The primitives (which in the engine are called brushes) are of a single type that I engineered for this application, sdUberprim. Uberprims can represent boxes, spheres, cylinders, capped cones, capsules, pellets, and smoothly morph between those shapes. (My ideal superprimitive would be a tetrahedron or hexahedron with individually weightable edge smoothness, but I couldn't figure out a distance function for those. Any takers?)
On my GTX 460, the rendering time ranges from 4-10ms for a single 1280x720 viewport. Depth complexity is handled reasonably well. These two worst case test scenes give a good sense of where the visual fidelity limit is. There's no material system yet, and the timing is for a scene without shadow mapping, so 30 FPS seems a reasonable target for this GPU. Current gen GPU's with three times the compute capability of the GTX 460 should have considerably less trouble.

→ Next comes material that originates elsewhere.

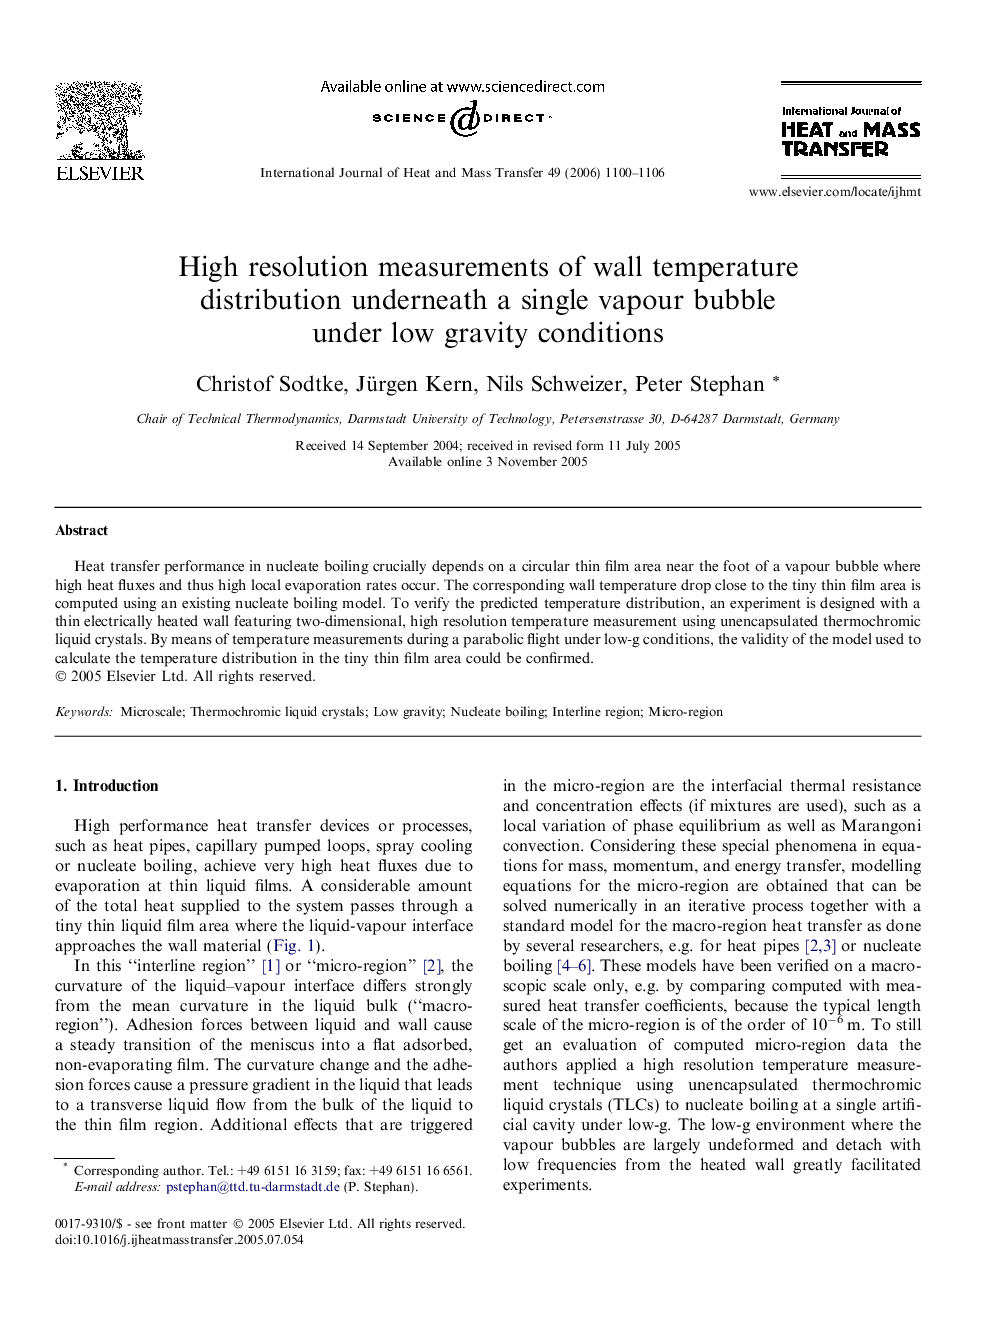 High resolution measurements of wall temperature distribution underneath a single vapour bubble under low gravity conditions

I had to let go of smooth and subtractive CSG to get to this performance level, and the primitives must be convex, because the abysmally slow sphere tracing has been swapped for Newton-Raphson iteration, which can iterate towards convex surfaces in less than 8 steps, and even more importantly, is able to provide correct conservative bounds (the inner bound dissolves for features thinner in depth than the cone width, which is not so desirable. Any takers?).
(smooth) CSG using intersections is still possible with Newton-Raphson, as the intersections of two or more convex primitives are also convex, but these operations can not be performed directly as viewport objects are accumulated, but have to be performed in separate registers first, and I couldn't figure out a good data model for that yet.
If you would like to implement a similar system, here's roughly how the renderer works:
- Conservatively rasterize all brushes as oriented bounding boxes into a Z-buffer of 1/16 viewport resolution, and raymarch each fragment to cull the surface further and provide a relatively accurate max-estimate on Z distance.
- Rasterize the same brushes again, with identical parameters, but this time the brush index of each raymarched fragment is written into a per-pixel linked list (I call it an OBB texture), again at 1/16 viewport resolution. To avoid writing too many fragments per tile, the generated Z-Buffer texture from step 1 is queried. If the raymarched distance lies behind the Z-Buffer distance, the fragment is occluded and will not be written.
- Initialize a brush index texture from all tiles in the OBB texture that only have one fragment. Those tiles are ultimately resolved and will not change again. The work remains to refine the remaining tiles, as those contain overlapping contours of two or more brushes.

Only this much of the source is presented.